- **What is expected**
Exactly the lines below from the line with "Lego 41346 Friends" through the line with "Игра настольная Русские" must make up the answer, both ends included and pictures left out.

- **Materials provided**
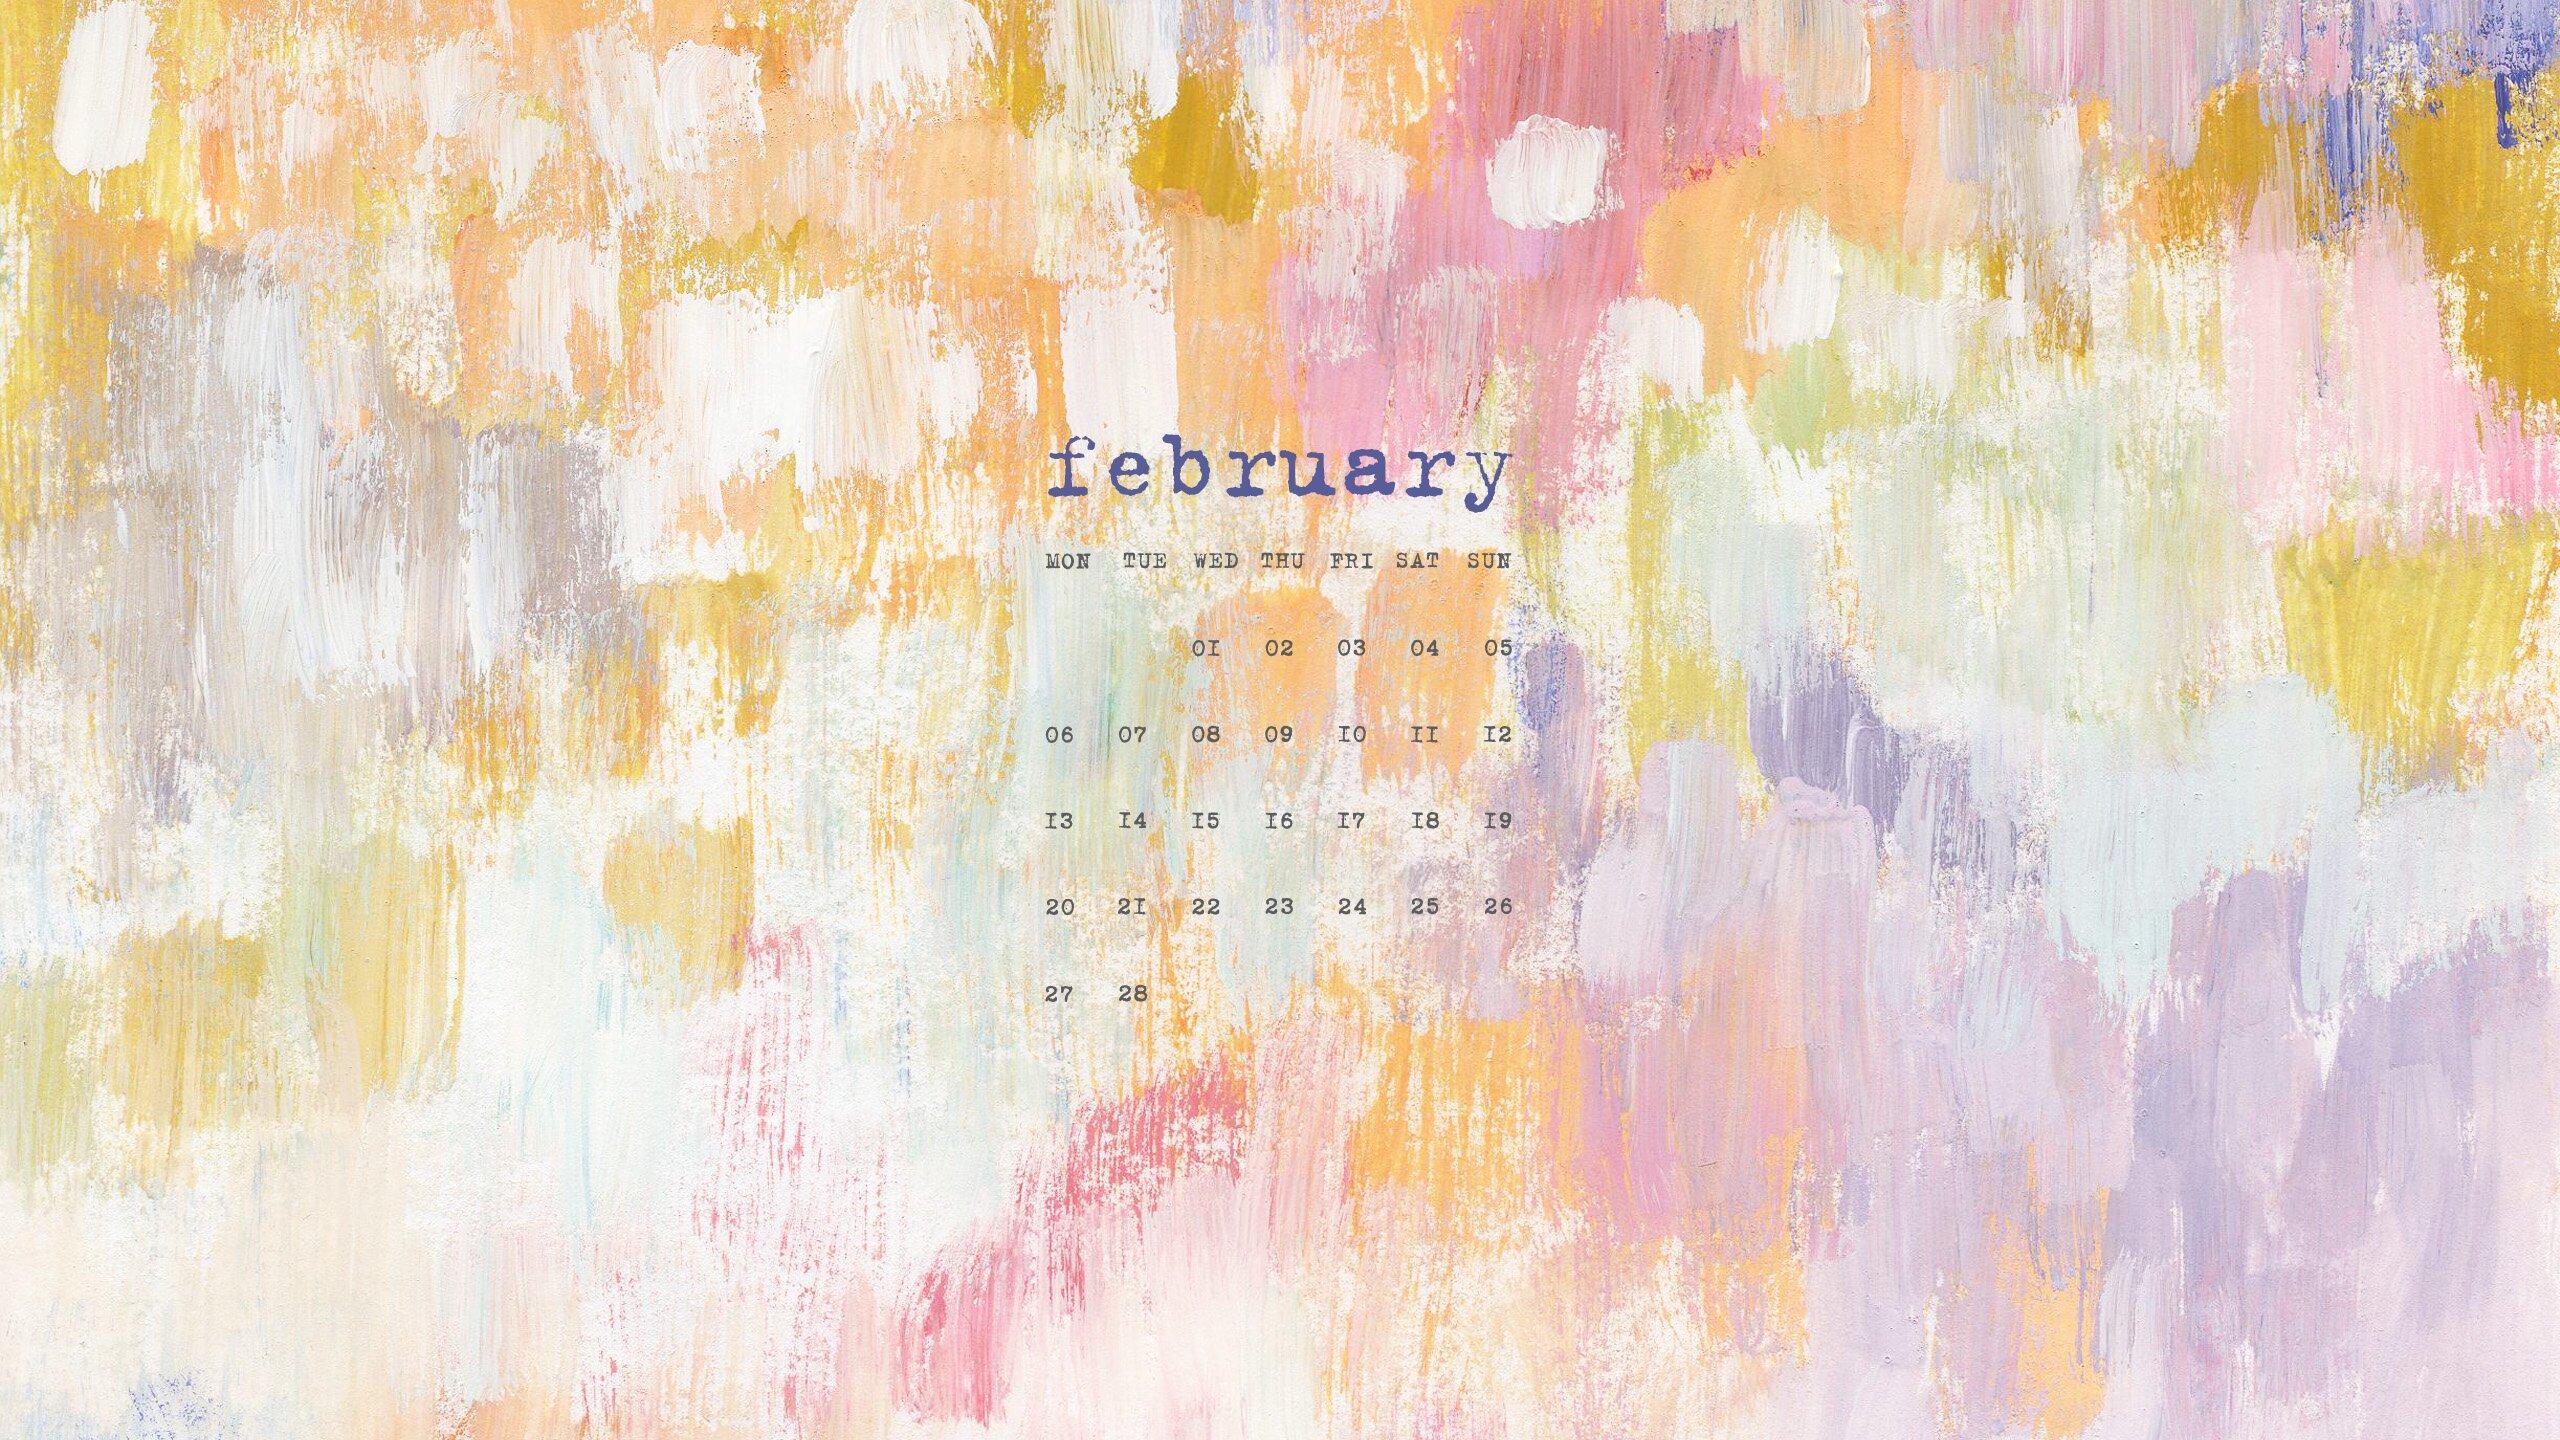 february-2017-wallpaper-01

* * *

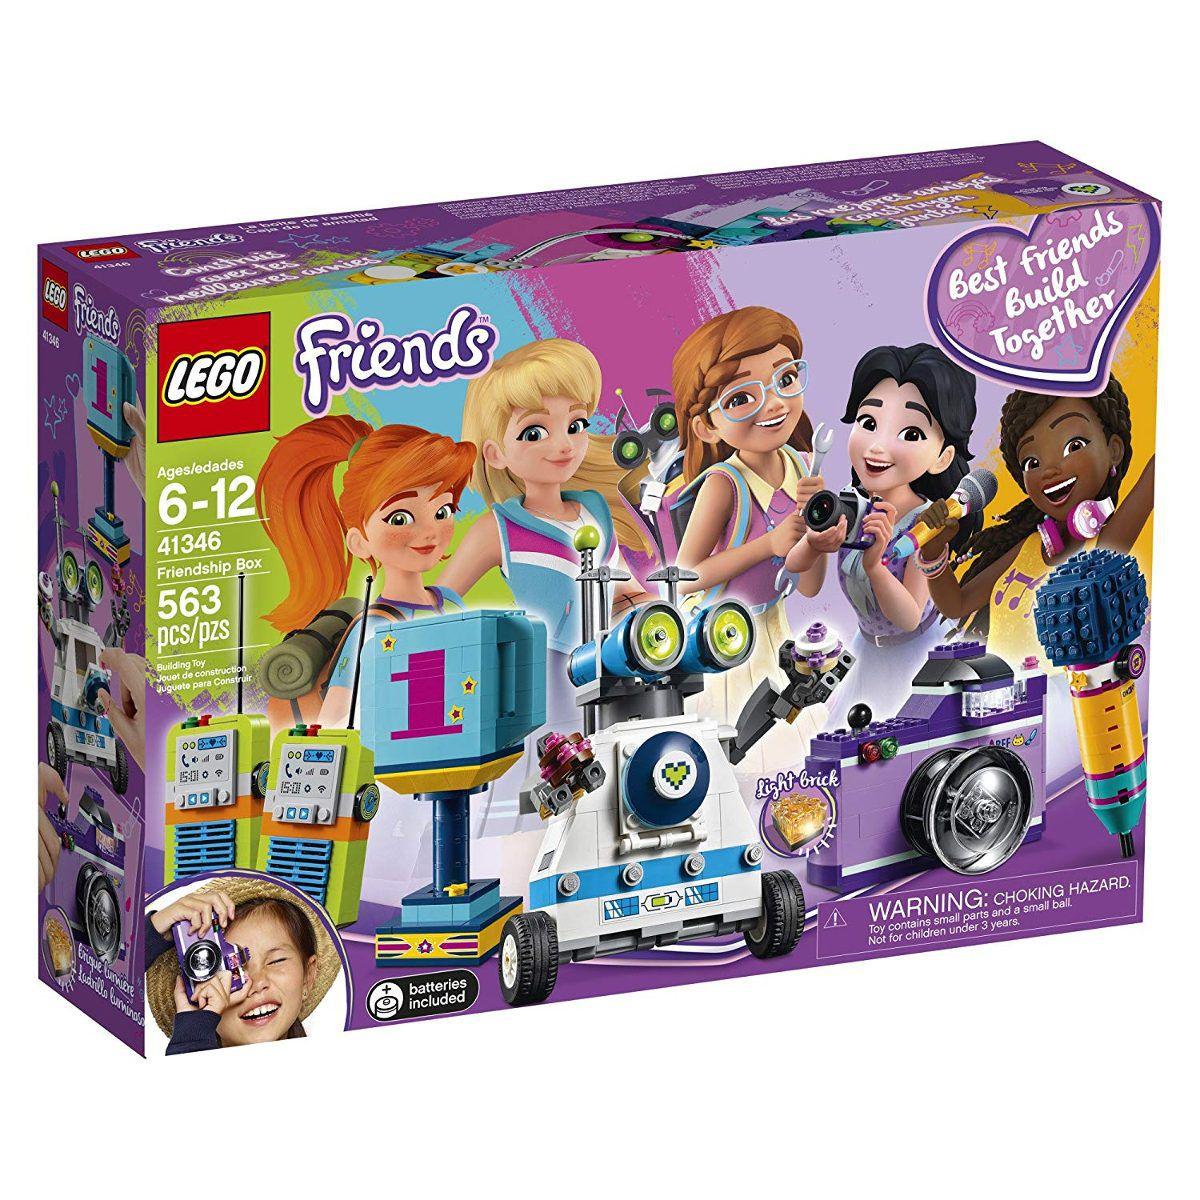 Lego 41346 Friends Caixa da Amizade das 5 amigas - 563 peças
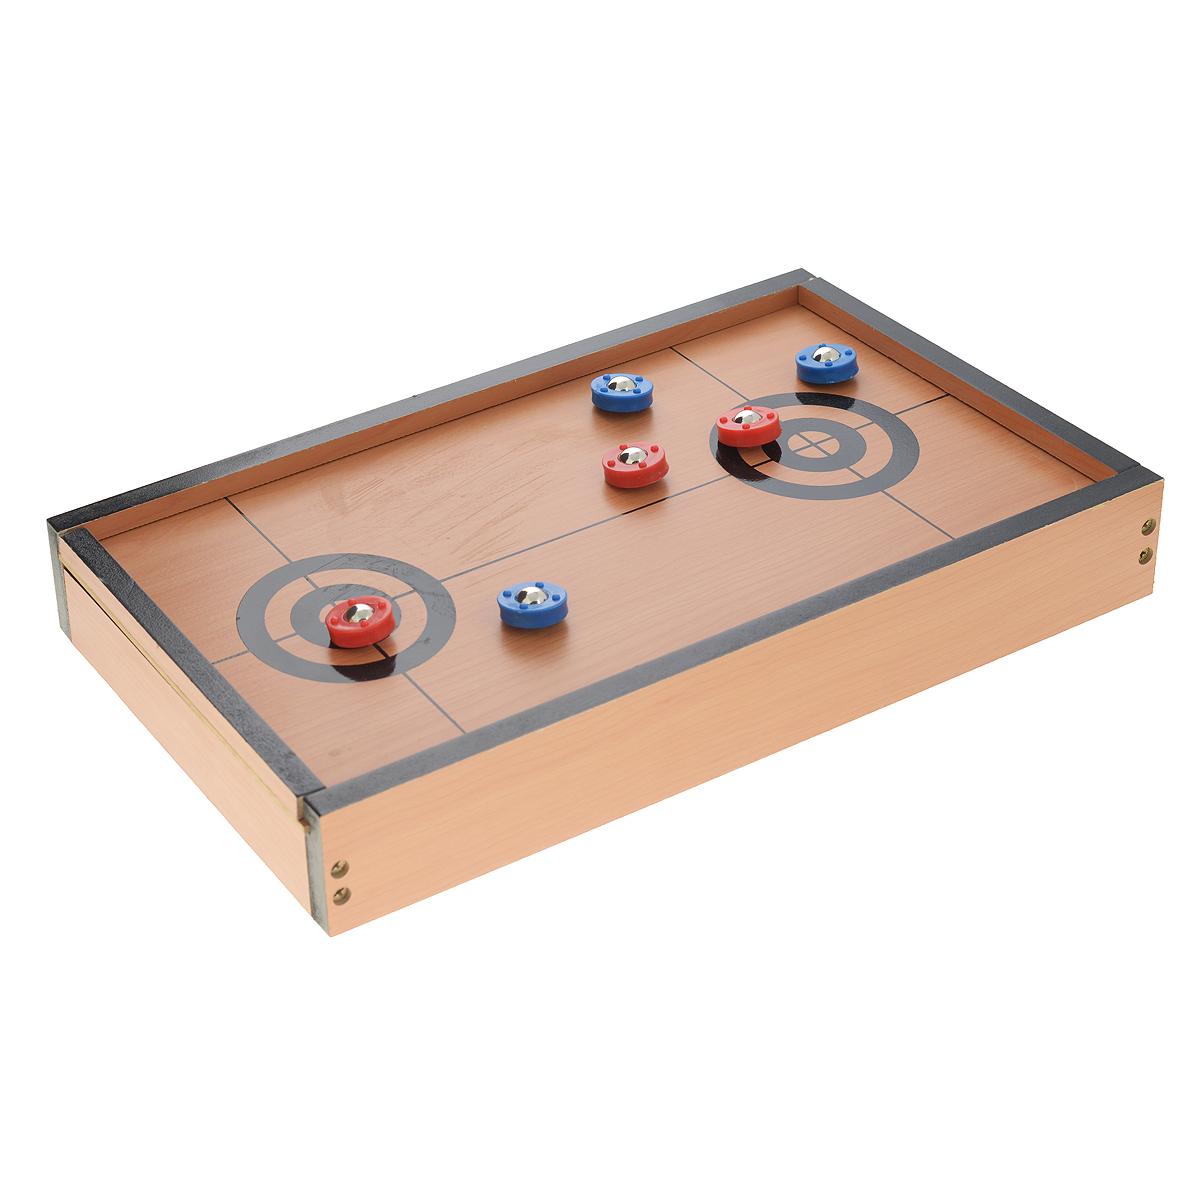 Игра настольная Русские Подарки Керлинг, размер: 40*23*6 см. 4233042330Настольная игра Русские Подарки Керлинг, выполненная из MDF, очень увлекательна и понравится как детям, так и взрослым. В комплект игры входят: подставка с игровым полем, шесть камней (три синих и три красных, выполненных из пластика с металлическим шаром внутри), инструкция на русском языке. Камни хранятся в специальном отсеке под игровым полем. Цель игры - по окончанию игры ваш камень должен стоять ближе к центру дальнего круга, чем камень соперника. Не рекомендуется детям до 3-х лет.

- **Answer area**
 Lego 41346 Friends Caixa da Amizade das 5 amigas - 563 peças
 Игра настольная Русские Подарки Керлинг, размер: 40*23*6 см. 4233042330Настольная игра Русские Подарки Керлинг, выполненная из MDF, очень увлекательна и понравится как детям, так и взрослым. В комплект игры входят: подставка с игровым полем, шесть камней (три синих и три красных, выполненных из пластика с металлическим шаром внутри), инструкция на русском языке. Камни хранятся в специальном отсеке под игровым полем. Цель игры - по окончанию игры ваш камень должен стоять ближе к центру дальнего круга, чем камень соперника. Не рекомендуется детям до 3-х лет.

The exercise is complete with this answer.